Какую задачу ставит пред собою редакция журнала «Литературная учёба»?
В нашей стране развивается процесс, небывалый нигде и никогда. Суть процесса в том, что десятки миллионов безграмотных и малограмотных людей, воспитанных в покорном подчинении стихийным силам природы, во мраке древней веры в демонов, ведьм и домовых, во мраке старинных суеверий, устрашающих сказок, религиозных предрассудков, – эти массы тёмных людей ныне переходят к реальной жизни современного мира, к действительности, самосильно создаваемой разумом и волею простых, рабочих людей.

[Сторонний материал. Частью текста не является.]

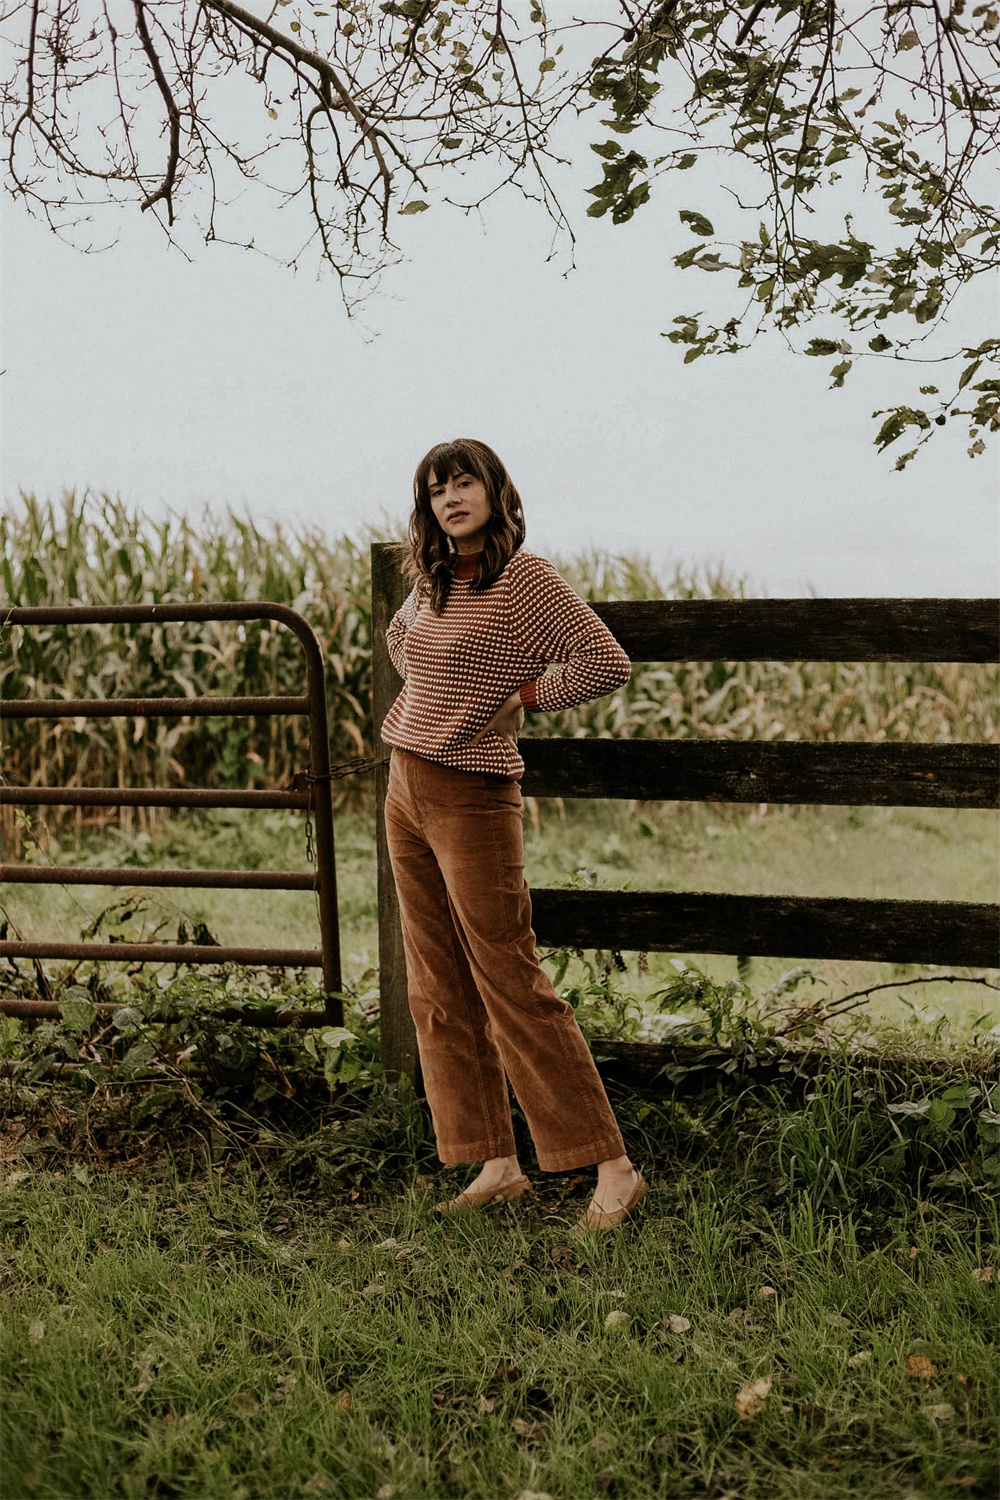 stylish corduroy pants and striped sweater outfit

Древняя тьма жизни нашего крестьянства тает, исчезает при огнях электричества, в тишину и печаль наших полей властно вторгается голос радио, сообщая простыми словами о жизни всего мира, о культурном и промышленном росте нашей страны, соху заменяет трактор, косу и цеп – комбайн, – и древние, тёмные люди начинают убеждаться, что все чудеса на земле создаёт только человек. Женщина деревни ещё вчера была почти домашним животным, ценилась лишь как грубая рабочая сила, а сегодня она принимает всё более деятельное участие в создании нового быта, в строении рабочего государства.
Всё старинное, устоявшееся в течение тысячи лет, колеблется, ломается, все наиболее разумные, жизнеспособные люди, объединяясь, становятся врагами старины, смело начинают жить по-новому, возбуждая в древнем человеке удивление, недоверие, страх, дикую вражду.
Это, в сущности, даже не «переход», а головоломный прыжок, потому что в этом процессе нет последовательности, постепенности, – людей приподняли от земли, вытряхнули из привычного старого мира, поставили пред лицом мира нового, и люди видят, что новый этот мир сказочно быстро растёт, а создают его свои же простые, рабочие люди. Это и есть революция, какой ещё не было нигде и никогда.
Революция вызвала к жизни тысячи молодёжи, которая мучается желанием писать и пишет: стихи, рассказы, романы; пишет, в огромном большинстве случаев, технически безграмотно и неудачно даже тогда, когда в стихах и рассказах молодого писателя чувствуется и знание действительности, и умение наблюдать, и своеобразное отношение к людям, к явлениям жизни.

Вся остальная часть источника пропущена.